Living Building contest heads north to Alaska
By Christina Williams
Sustainable Business Oregon editor
A new competition is asking for a Living Building design that can survive in the harsh environment of Alaska's Aleutian Islands.
Cascadia Green Building Council announced Tuesday that 185 teams have signed up for a design competition to design and build an affordable home on an Alaskan island that will meet the ultra-green Living Building Challenge criteria.
The Living Aleutian Home Design Competition caught the eye of teams from Hong Kong to Sarajevo that have signed up for the chance to design a home for Jimmy Prokopeuff, a 32-year-old Aleut man living on the island of Atka.
The home design that's selected will become a prototype for sustainable affordable housing to be used by the Aleutian Housing Authority.
"The Living Building Challenge deals with far more than energy, of course, but that’s the big driver in rural Alaska," said Mark Masteller, Alaska director for Cascadia, in a press release.
The winning design team will receive a cash award of $35,000. A second prize of $15,000 will also be awarded.
The teams are required to design a three-bedroom home that adheres to the guidelines established by the Living Building Challenge 2.0 standard.
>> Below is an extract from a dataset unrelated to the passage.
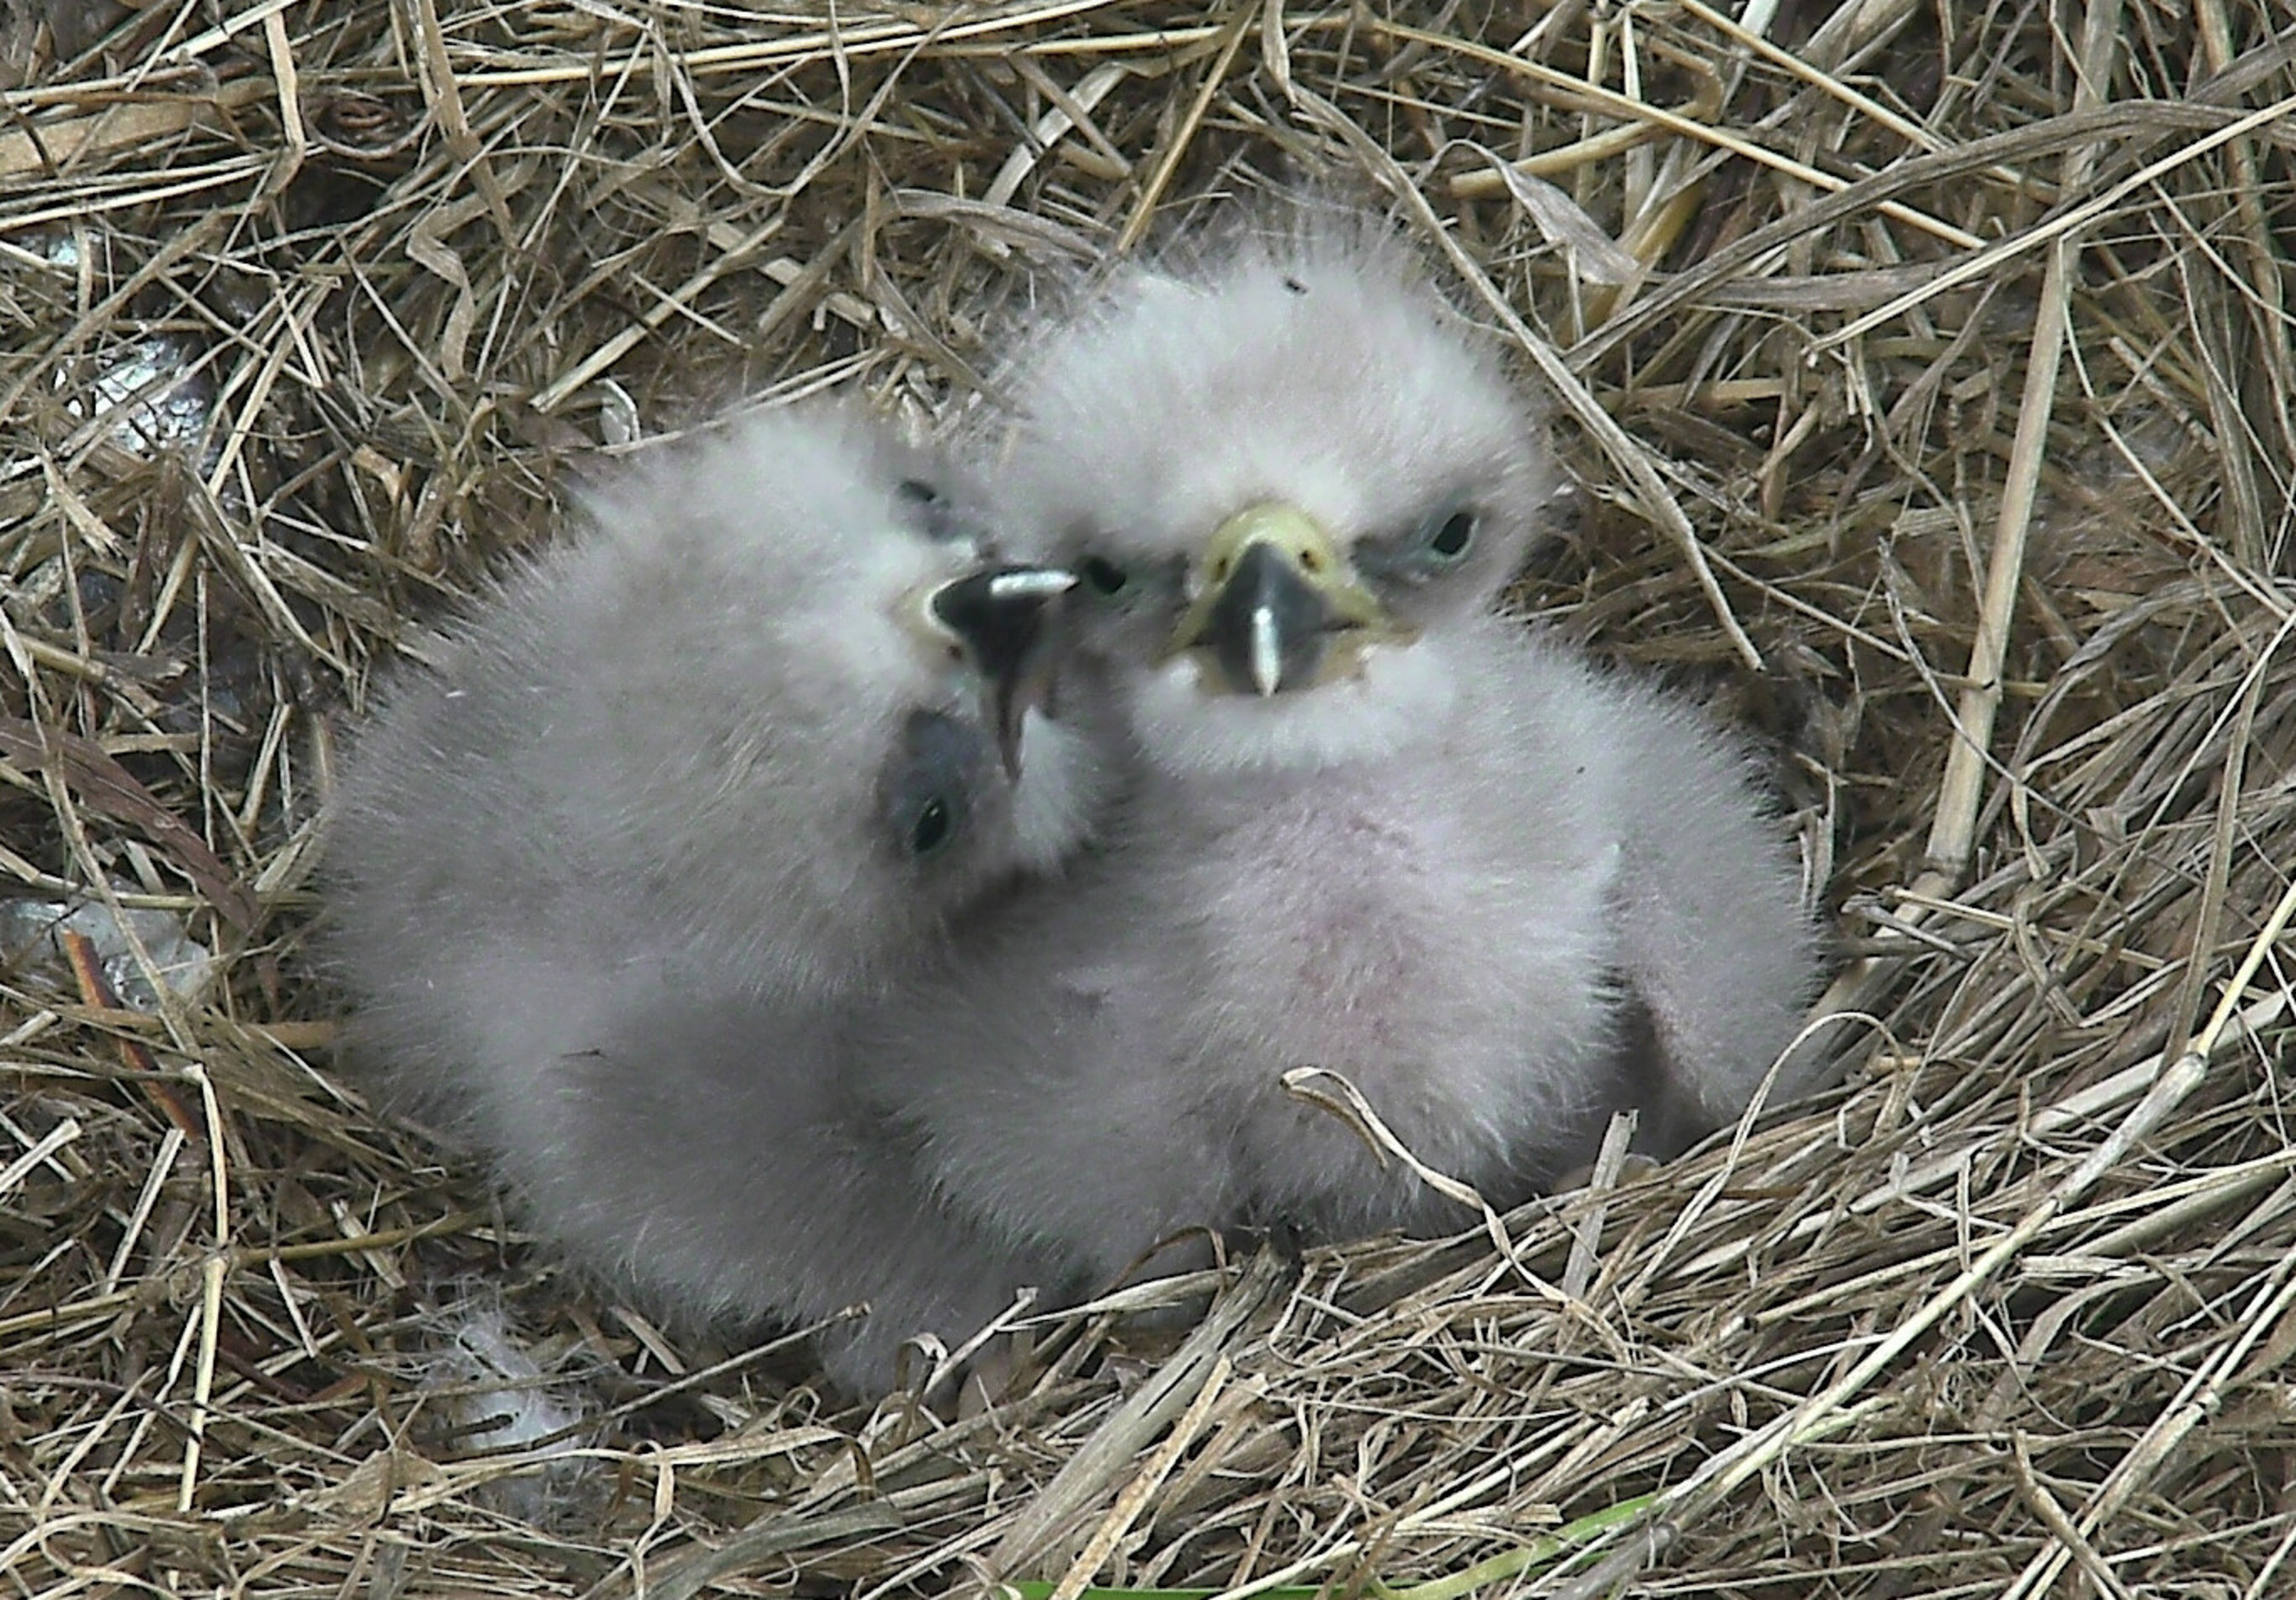 After weeks inside their eggs, these two siblings finally meet! The American Eagle Foundation and the cooperative partners of the D.C. Eagle Cam project are proud to announce that there are now two healthy eaglets residing in the nest that sits high in a Tulip Poplar tree in the U.S. National Arboretum, right inside the Nation's Capitol. Watch LIVE 24/7 on dceaglecam.eagles.org. Photo (C) American Eagle Foundation / www.eagles.org (Screenshot captured online by Carol Ceasar)

Among other things, Living Buildings must be highly efficient, make use of green and regional materials, produce its own energy and harvest rain water.
Portland-based Cascadia Green Building Council is part of the International Living Future Institute which administers the Living Building Challenge. In October, the institute announced the launch of a Net Zero Energy Building Certification program.
The winners of the design competition will be announced in May.